▶ _What you are asked to do_:
An exact restatement of the entire listing is needed, excluding all images.

▶ _Provided data_:

+-------+

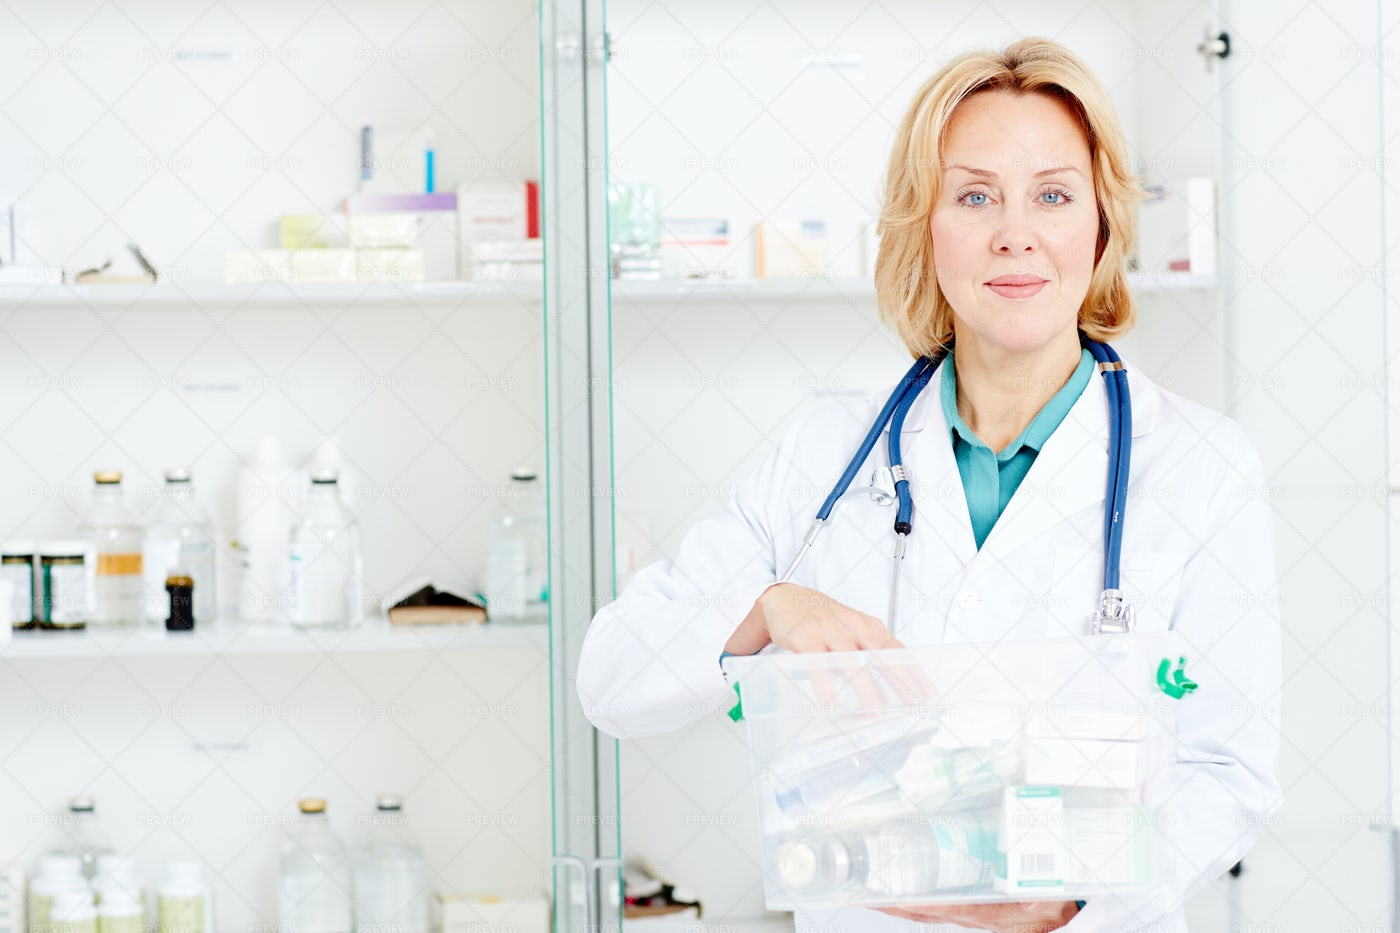 Pharmacist At Work: Stock Photos
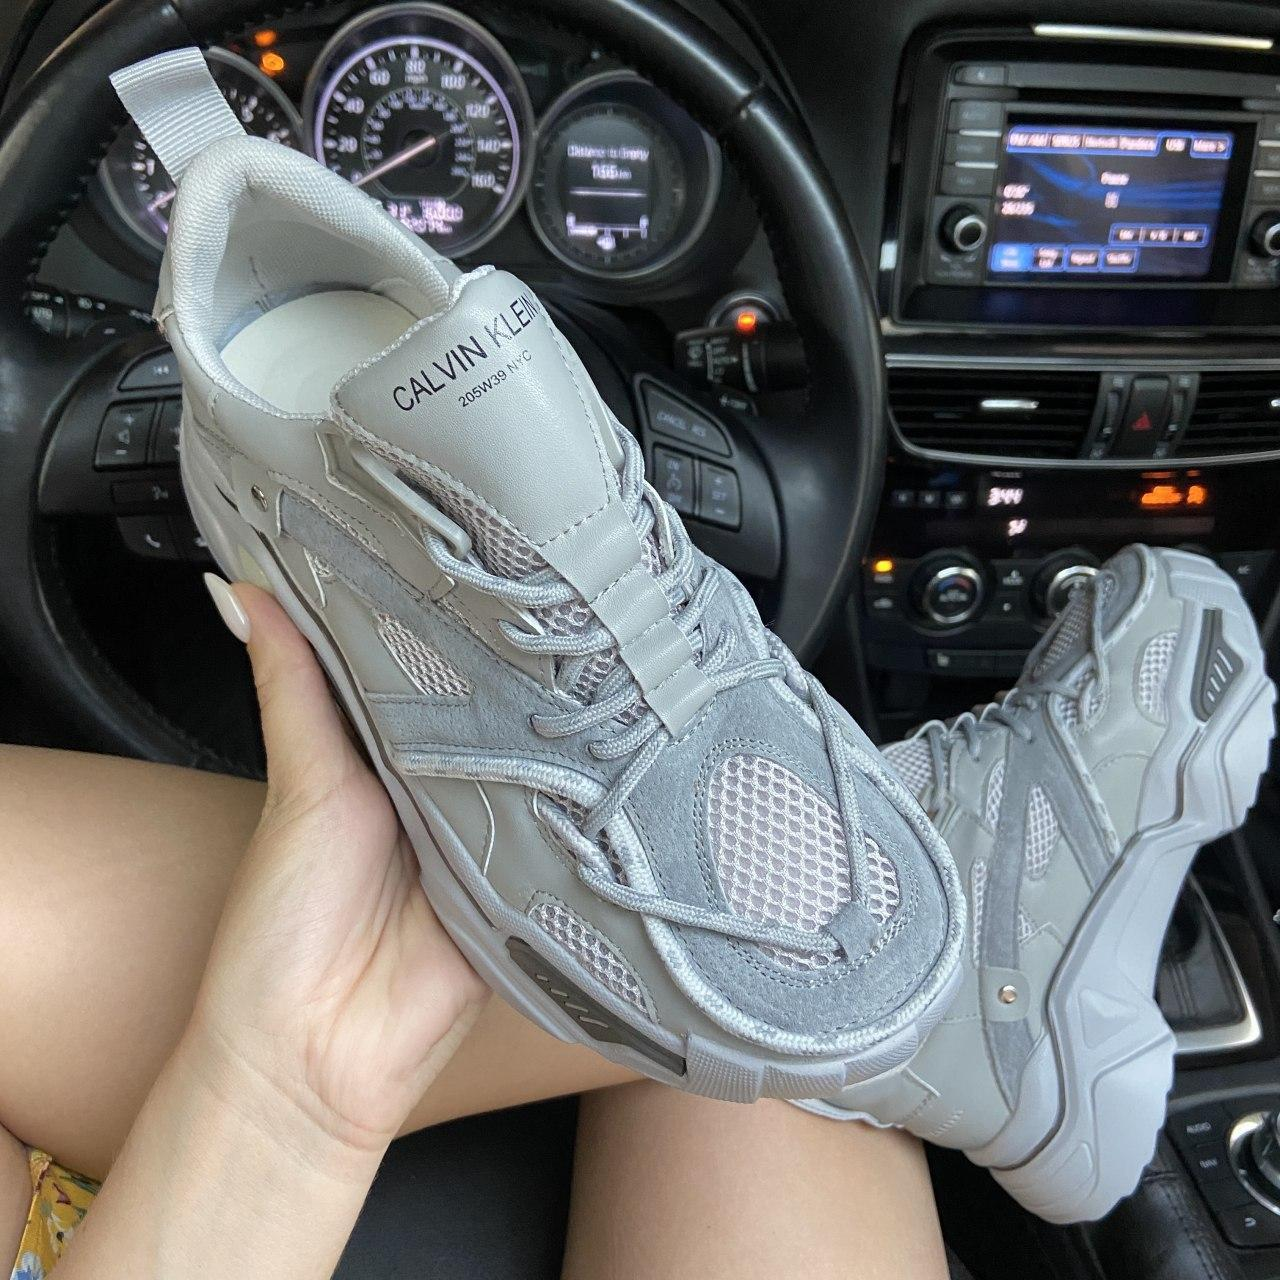 Кроссовки женские Strike 205 Gray. Стильные женские кроссовки CK.
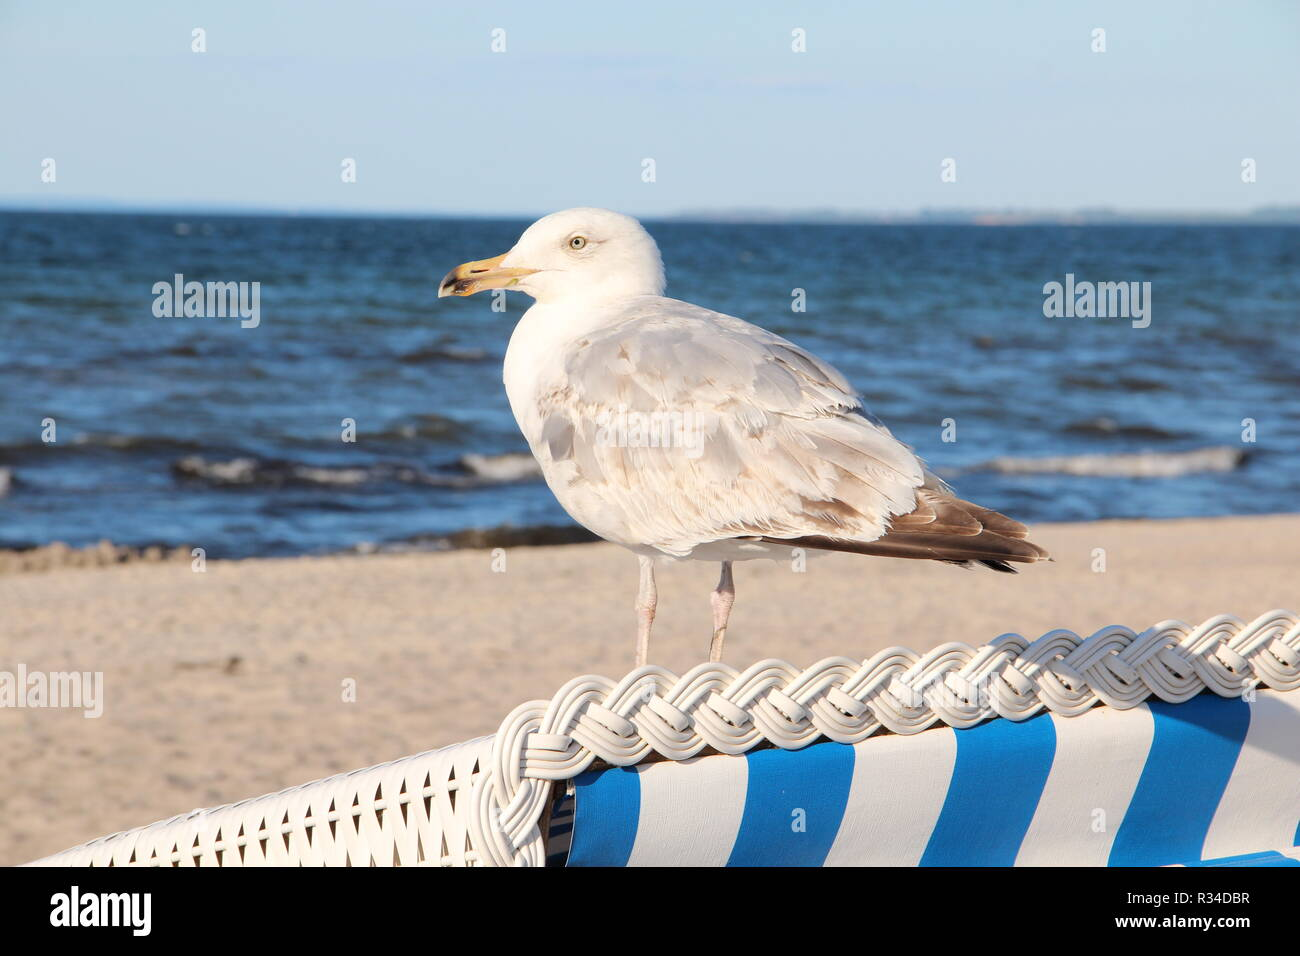 on the baltic sea beach - Stock Image
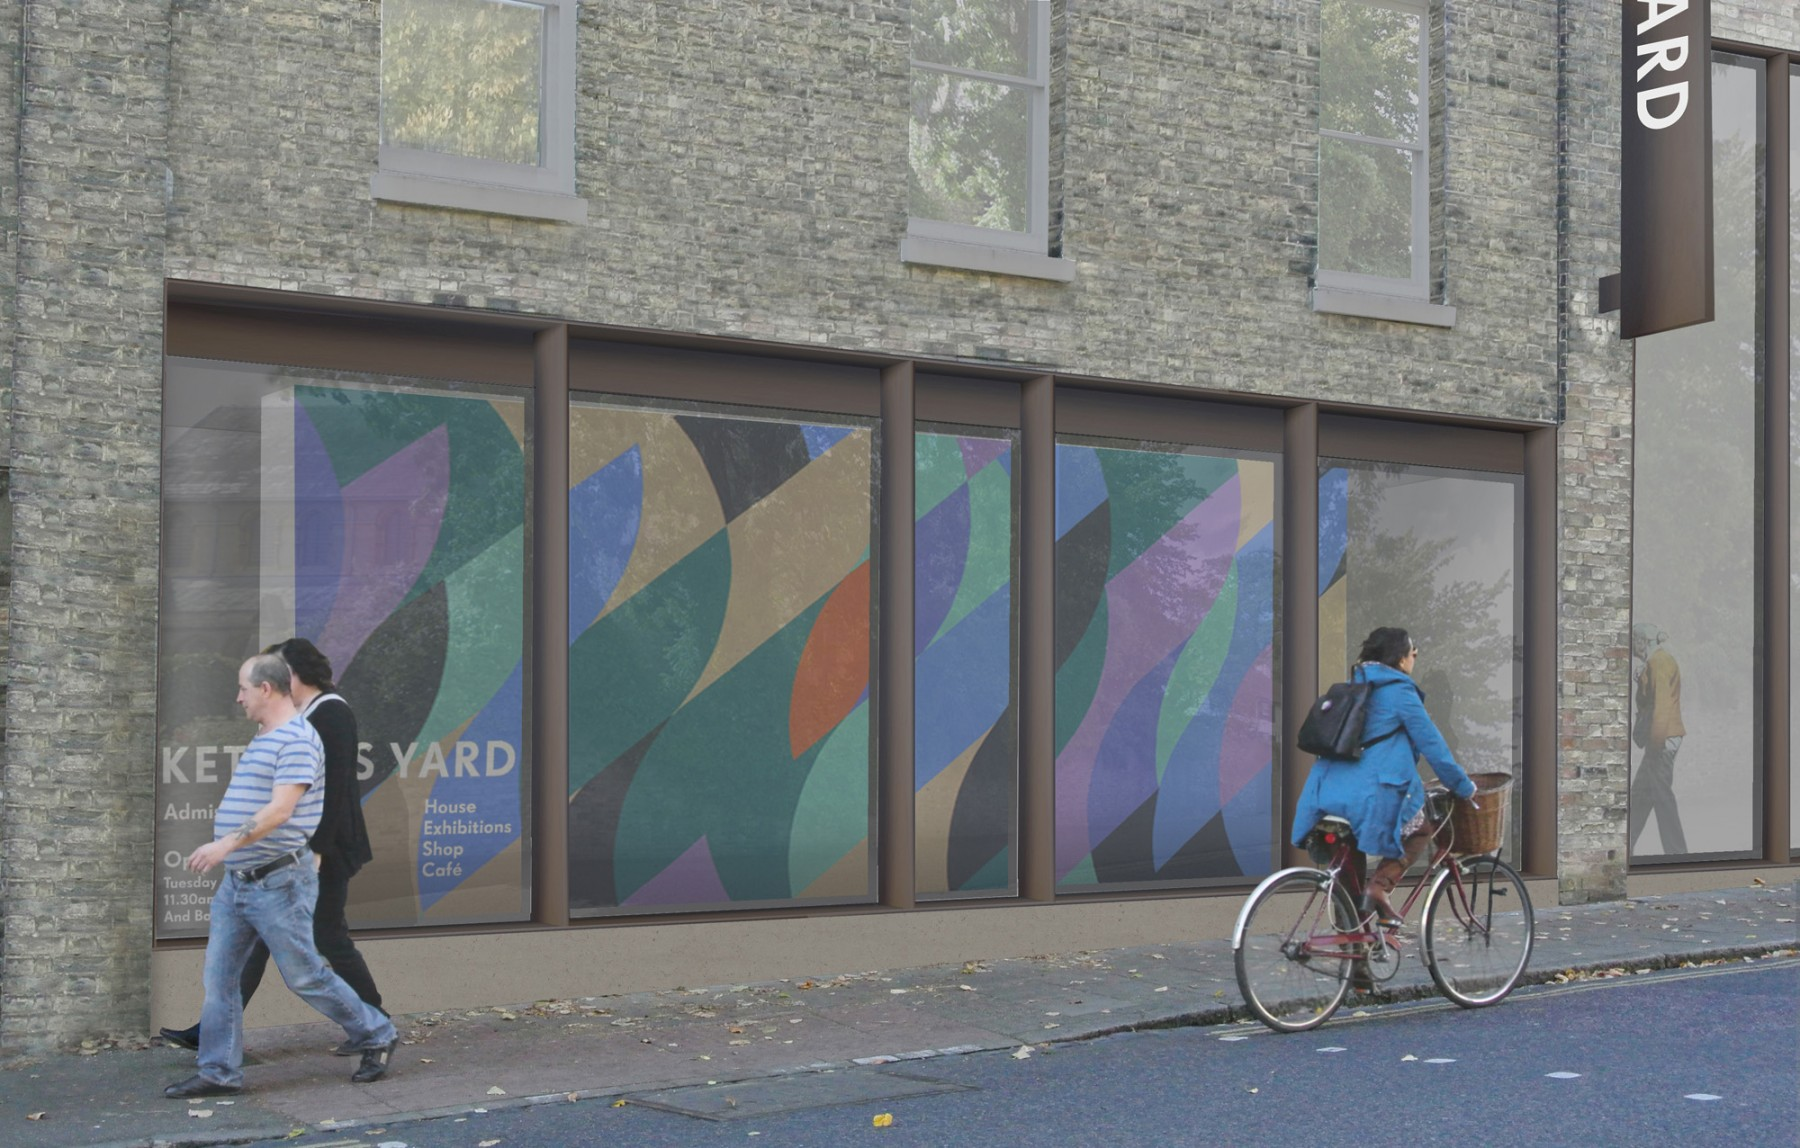 Kettles-yard-jamie-fobert-architects-castle-street-cambridge-gallery-view

+-------+

▶ _Answer to this problem_:
 Pharmacist At Work: Stock Photos
 Кроссовки женские Strike 205 Gray. Стильные женские кроссовки CK.
 on the baltic sea beach - Stock Image
 Kettles-yard-jamie-fobert-architects-castle-street-cambridge-gallery-view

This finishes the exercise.